Disgraced Former Gawker Publisher: ‘Zen Buddhism’ Needed to Beat Breitbart

Gawker Media-Bankruptcy
AP Photo/Steve Nesius

Former Gawker CEO Nick Denton claimed that the left-wing establishment will have to adopt a nicer “Zen Buddhism response” to beat Breitbart News during a SXSW interview last week.

“In some degree there’s a difference between Gawker and Breitbart,” claimed Denton during an interview with Digiday. “Gawker is sensational, shameless news that is grounded in truth, a dramatic version of the truth, but it is the truth. While Breitbart and fake news on Facebook are further escalation: They are not just sensationalization of the truth, but also go beyond the truth.”

Denton went on to add that the left needs to adopt a nicer approach to beat Breitbart News and the rise of conservatism, before falsely associating Breitbart with Nazism.

“I think the answer to Breitbart is not going to be, ‘Let’s do more aggressive fake news on the left,'” Denton explained. “There might be some Zen Buddhism response to Breitbart. It is going to be hard because the sensation is you want to punch the Nazi, but they have the guns.”

Gawker Media became infamous for publishing news that often ruined or negatively impacted people’s lives before it was bankrupted and shut down following a lawsuit from one of its targets.

“Facebook makes me despise many of my friends, and Twitter makes me hate the rest of the world,” said Denton during his SXSW panel, before praising Reddit as the model of the future.

“Even if we’re full of despair over what the Internet has become, it’s good to remind yourself when you’re falling down some Wikipedia hole or having a great conversation with somebody online—it’s an amazing thing,“ he concluded. ”In the habits that we enjoy, there are the seeds for the future. That’s where the good Internet will rise up again.”
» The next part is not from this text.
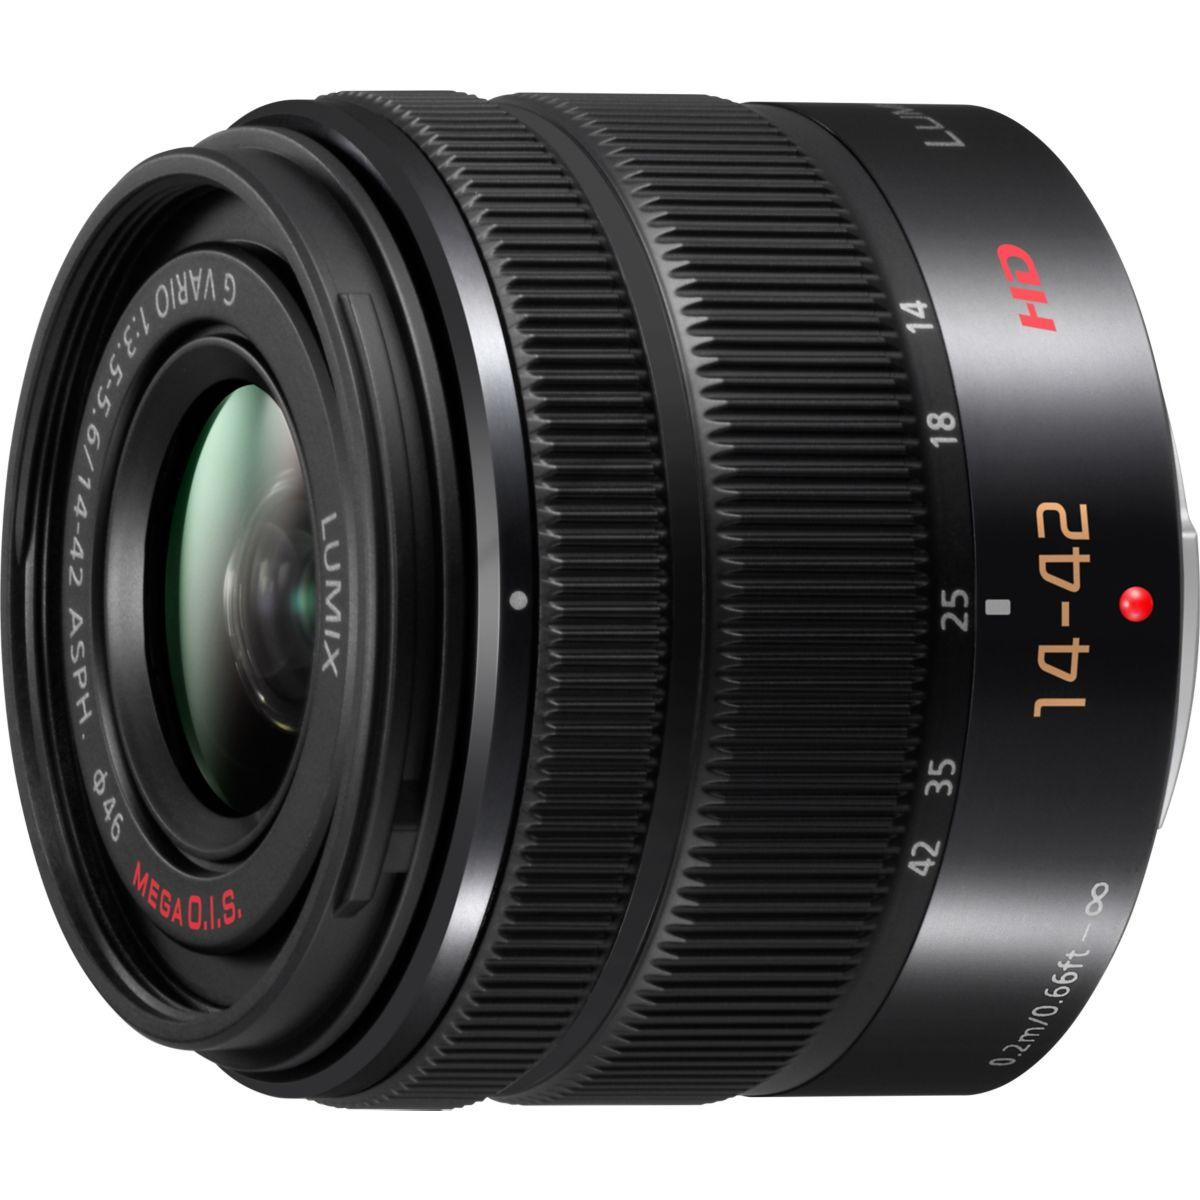 Objectif pour hybride panasonic 14-42mm f3.5-5.6 ii noir lumix...

Last year, Denton and Gawker were forced to pay out $140 million to Hulk Hogan following a lengthy lawsuit over the gossip outlet’s unauthorized posting of Hogan’s private sex tape.

The lawsuit was backed by PayPal co-founder and billionaire Peter Thiel, who himself had been affected in the past by the outlet after being outed as gay, and forced Denton to file for bankruptcy.

At SXSW on Sunday, Denton claimed that Thiel had become a “national figure” and “extremely prominent” in American politics and culture.

“Peter Thiel, through his financial support of litigation and his support for political disruption through Donald Trump, has become a national figure,” Denton proclaimed. “He has become extremely prominent and an avatar, an embodiment, of the merger of the reactionary elite with a kind of populist celebrity in Donald Trump.”

Thiel is not the first homosexual that Gawker outed, while the gossip media empire also mocked the death of Vice President Mike Pence’s dog, accused actor James Franco of being a rapist, encouraged readers to pirate Quentin Tarantino’s film The Hateful Eight, published several celebrities’ nude photos, and refused to remove an uploaded video of the potential rape of a girl in a bathroom.

When former Gawker editor A.J. Daulerio was asked in court what the limits would be in deciding not to publish a sex tape, he replied that the video would have to feature someone aged four or under.

“If you make a sex tape of someone with their permission, you are a pornographer. If you make a sex tape without their permission, we were told now you are a journalist,” said Thiel during a press conference following the victory, where he also branded Gawker as a “sociopathic bully.”

“Gawker in some ways perfected it,” claimed Thiel on the topic of bullying. “Where you pick on people, and you would destroy their lives, and write nasty stories. The writers then might even add comments that were even more vicious than the ones in the story, all so as to generate a virtual mob that would go after these people.”

Following the controversy, Gawker Media was bought by Univision, who made it their first act to shut down the media company’s flagship site, Gawker, and rebrand themselves as Gizmodo Media.

Since filing for bankruptcy, Denton was denied the ability to lease his $4.25 million apartment in Manhattan, and he has since moved into a cheaper property. Hogan has since purchased a $1.6 million beach house.